3.1. Preclinical Validation Studies

The translational registration error along the x- and y-axes and the rotational registration error in roll, pitch, and yaw the overall translational errors were −1.1 ± 0.8 mm for the x-direction and −1.4 ± 1.1 mm for the y-direction corresponding to RL and AP directions of the patient respectively (Figure 6). The rotational errors were 0.8±1.0 degrees in roll, −1.7 ± 1.6 degrees in pitch and 0.0 ± 0.0 degrees in yaw, corresponding to the rotations around RL-, AP- and SI-axes in the clinical setting. The expected TRE for a 100 mm needle are shown in Figure 7. In the mock procedure, the RMS targeting error was 3.0 mm, while the RMS needle placement error was 2.4 mm. The relationship between the targeting error and the location of the target in the prostate in the mock procedure are shown in Figure 8.

Figure 6.

Figure 6

The translational and rotational registration errors in Z-frame registration, when the Z-frame was placed at 0, 50, 100, 150, and 200 mm horizontally off the isocenter along the x- and y-axes of the Z-frame, and tilted 0, 5, 10, 15, and 20 degrees in roll, pitch and yaw of the Z-frame. (N = 8)

Figure 7.

Figure 7

The 2D expected TRE of Z-frame registration for a 100 mm needle are shown. For the left graph, the Z-frame was placed at 0, 50, 100, 150, and 200 mm off center in the x- and y-directions (N = 4 for each distance), while the orientation of the Z-frame was fixed to the original direction (no tilt in any direction). For the right graph, the Z-frame was tilted 0, 5, 10, 15, and 20 degrees in roll, pitch, and yaw of the Z-frame (N = 8), while the center of the Z-frame was fixed at the isocenter. In this evaluation, all translational and rotational errors were taken into account.

Figure 8.

Figure 8

The relationship between the 2D RMS errors of the needle placement and each target area in the prostate phantom. Labels A-H on the graph correspond to the labels defined in Figure 4.

3.2. Clinical Study

All ten procedures were technically successful and patients tolerated the procedure well without intra or postprocedural pain. Table 1 summarizes the needle placement accuracy per case. Two patients had asymptomatic self-limited small periprostatic hematoma on imaging. No other complications were encountered. For each patient, two to five targets were identified on pre-biopsy MR images and selected for biopsy. MR images from a clinical case are shown in Figure 9. Despite the lack of an endorectal coil, the images provide sufficient contrast of the prostate and its substructures, allowing us to perform automatic deformable registration of the preprocedural and intraprocedural MRI with acceptable accuracy, reliability and computation time (Fedorov et al. 2012). The quality of tissue core samples was acceptable by visual observation during the procedure. Tissues were sampled from an average of 4.0 locations in 104 minutes per procedure. The 2D RMS targeting error was 5.4 mm, while the RMS needle placement error was 5.7 mm. The duration of the procedures ranged from 65 to 130 minutes including 25 to 70 minutes of preparation, e.g. patient setup and coil placement. In some studies, such as case 5, movement of the patients led to repositioning of the template and the coil, prolonging the time for setup.

Table 1.

The table shows the result of needle placement in the 10 clinical cases including the number of targets, the targeting error, the needle placement error. All errors were measured in 2D axial plane at the planned target and shown as root mean square (RMS) errors. The 2D RMS targeting error, and needle placement error through the 10 cases were 5.4 mm, and 5.7 mm respectively.

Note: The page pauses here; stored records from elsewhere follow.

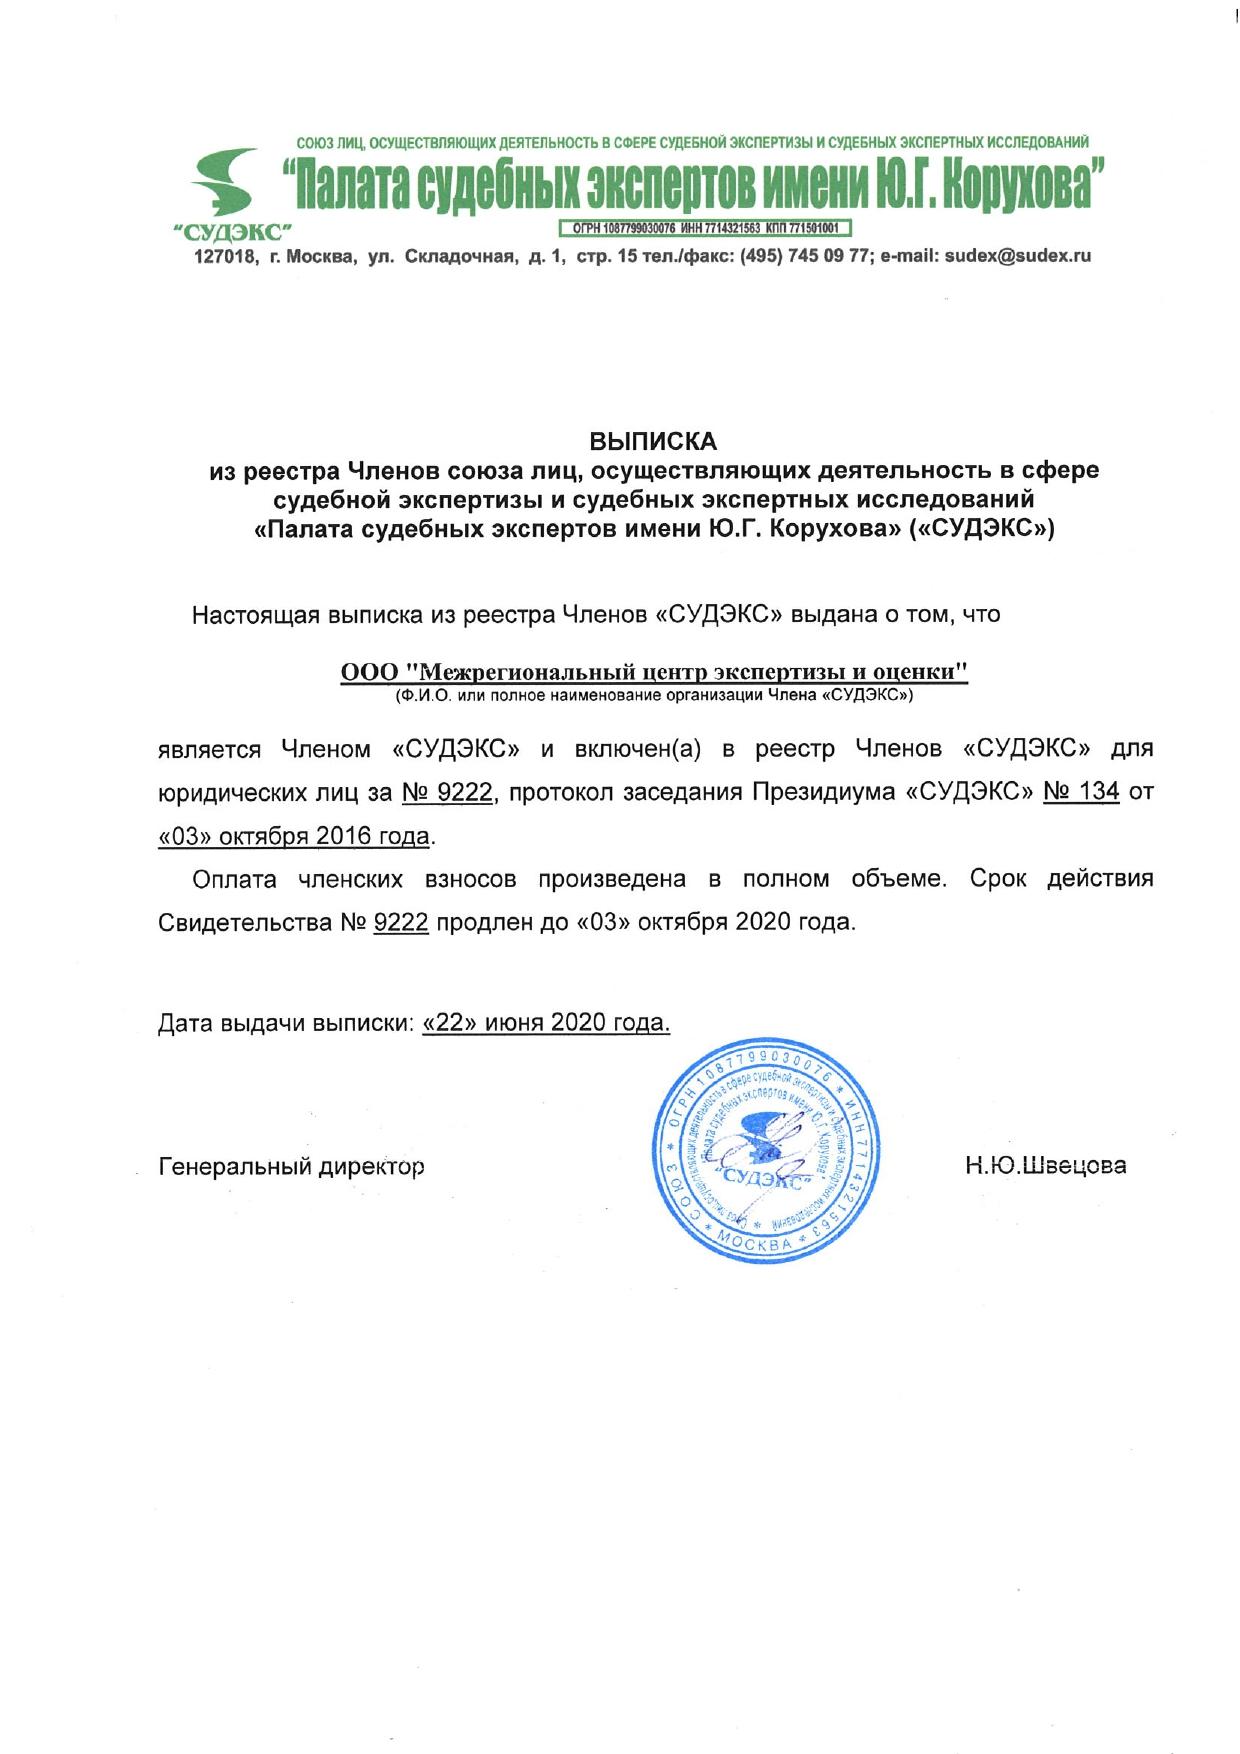 Лицензии, сертификаты, свидетельства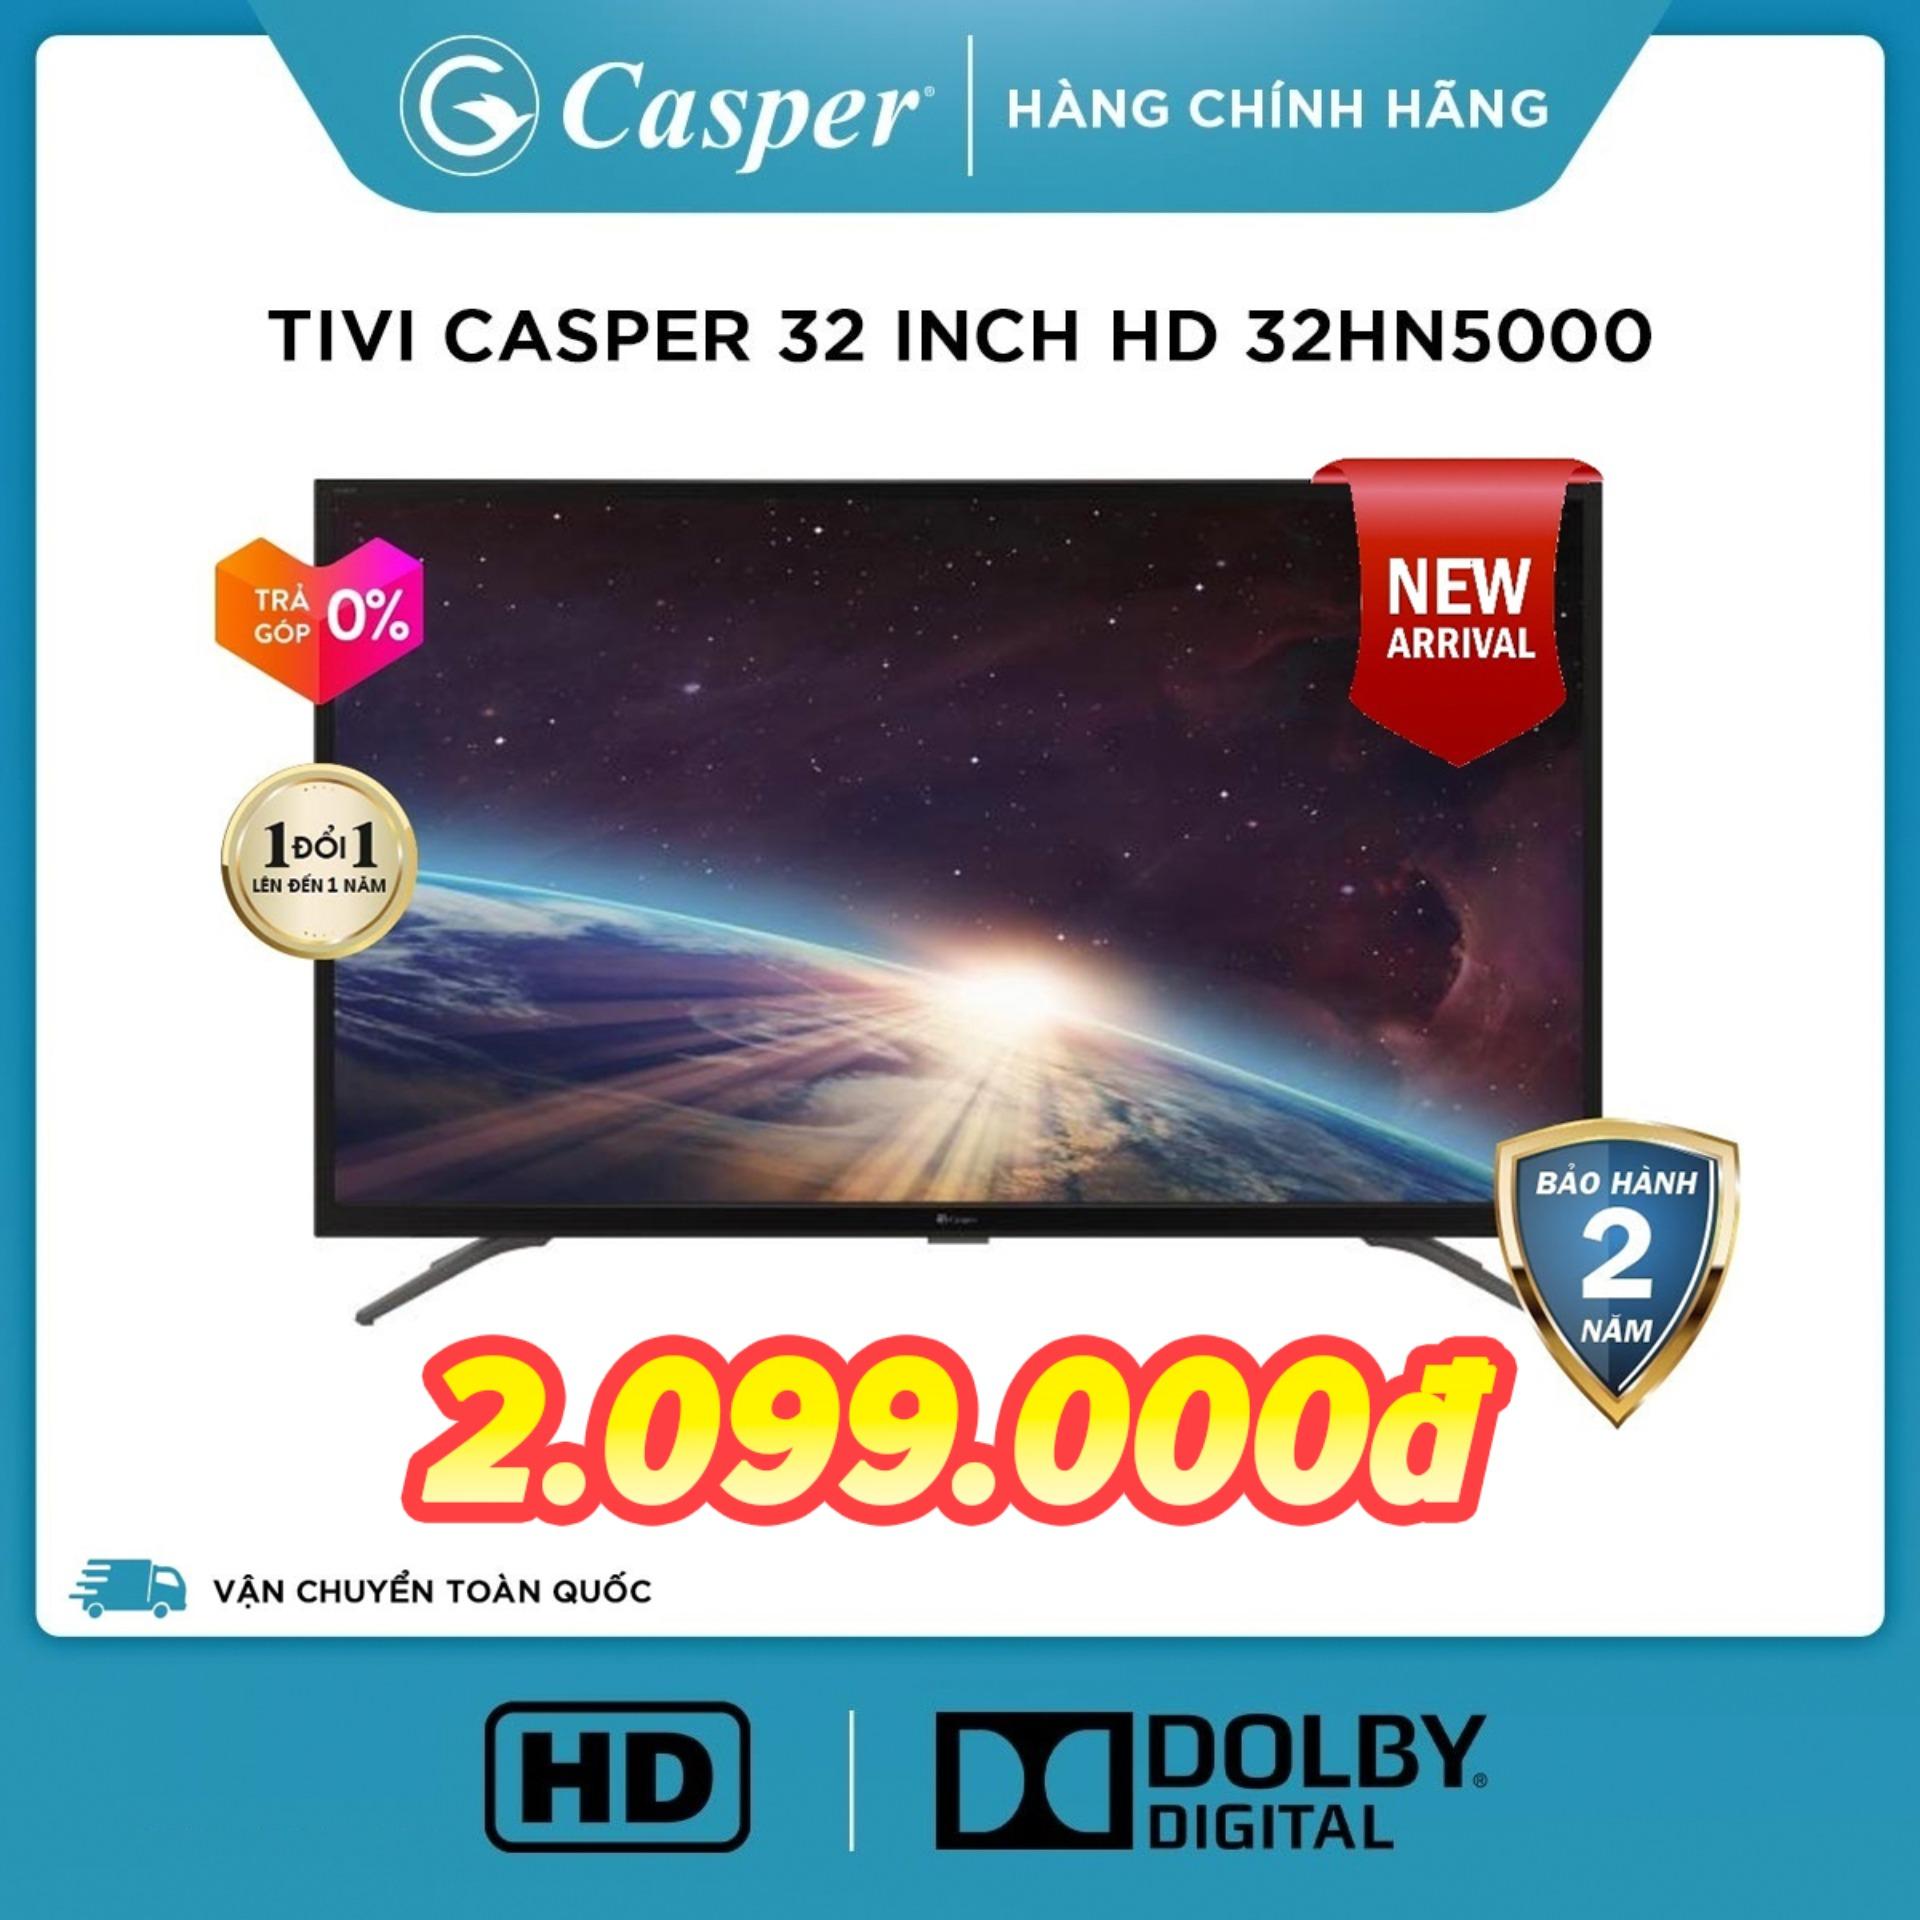 Bảng giá [Voucher 200k] Tivi Casper 32 inch LED HD Digital TV DVB-T2 32HN5000 (Đen) - Hàng Thái Lan - Đổi mới 1 năm - Bảo hành 2 năm [Sản phẩm mới] Điện máy Pico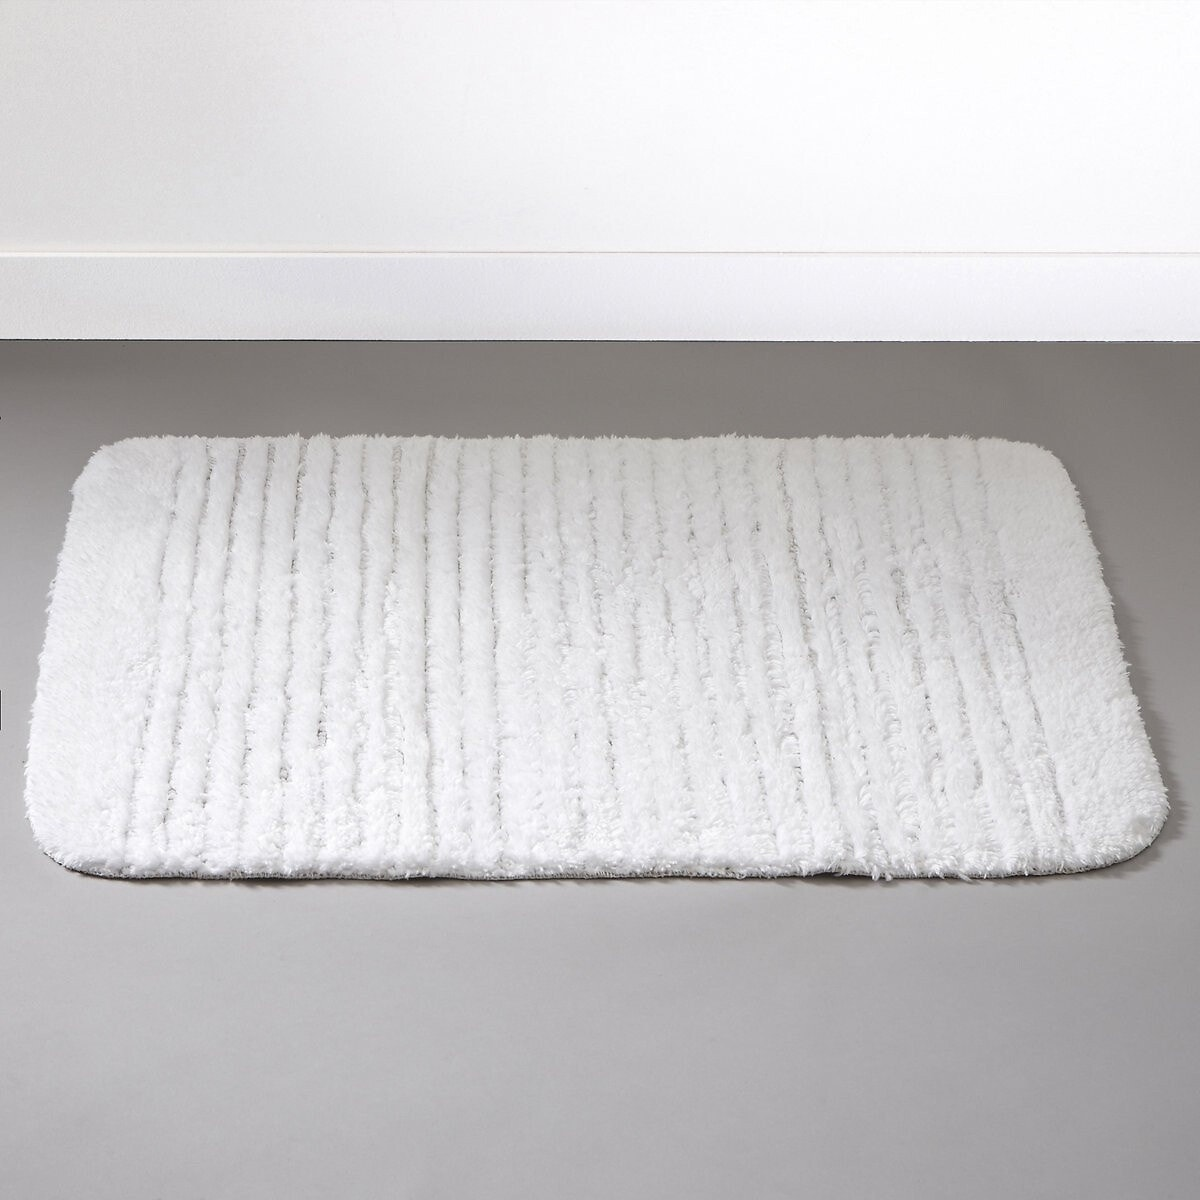 Μαλακό χαλάκι μπάνιου, 110 γρ. τ.μ. ΛΕΥΚΟ

Case # Number of Targets Targeting Error (mm) Needle Placement Error (mm) Duration (min)
1 2 5.4 8.4 105
2 3 4.5 4.1 100
3 5 3.3 4.2 110
4 5 7.6 7.4 90
5 6 3.5 3.6 130
6 4 8.5 9.1 105
7 5 2.9 2.9 105
8 4 6.1 6.7 65
9 2 4.4 3.3 110
10 4 5.6 4.8 120

Figure 9.

Figure 9

Example MR images from one clinical case. A target point was defined within the central gland with high value in the Ktrans pharmacokinetic parameter map registered and overlaid on the intraprocedural T2w image (left). The needle placement was confirmed by the artifact shown on the real-time TurboFLASH MR image (indicated in the middle and right images).

4. Discussion

We have developed and report here a prostate intervention apparatus and compatible software to support transperineal manual needle placement into the prostate in a wide-bore 3T MRI scanner. The in-bore tabletop setup and software can also be used for prostate therapy techniques such as brachytherapy, laser ablation, or cryoablation, since these therapies are performed using transperineal approach rather than transrectal. We performed both a phantom study to investigate the accuracy of needle placement as well as a preliminary clinical study to assess the accuracy, safety and feasibility of the procedure, the equipment and software. The contributions of this paper are the novel engineering solutions that allow us to perform accurate core needle prostate biopsy, and accuracy assessment of template registration and needle placement both in phantom and patients. To the best of our knowledge, only a limited number of previous studies have assessed needle placement accuracy for MRI-guided transperineal template biopsy and interventions in patients (Susil et al. 2004, Blumenfeld et al. 2007, Menard et al. 2010), animal (Lakosi et al. 2009) and cadavers (Woodrum et al. 2010), and none of them have performed comprehensive accuracy evaluation including calibration of guidance tools and needle placement in phantoms and patients, except the work by Blumenfeld et al (Blumenfeld et al. 2007). It would also be desirable to further investigate other source of errors, e.g. geometric accuracy of the MRI scanner, tissue deformation, and needle deflection for this particular application.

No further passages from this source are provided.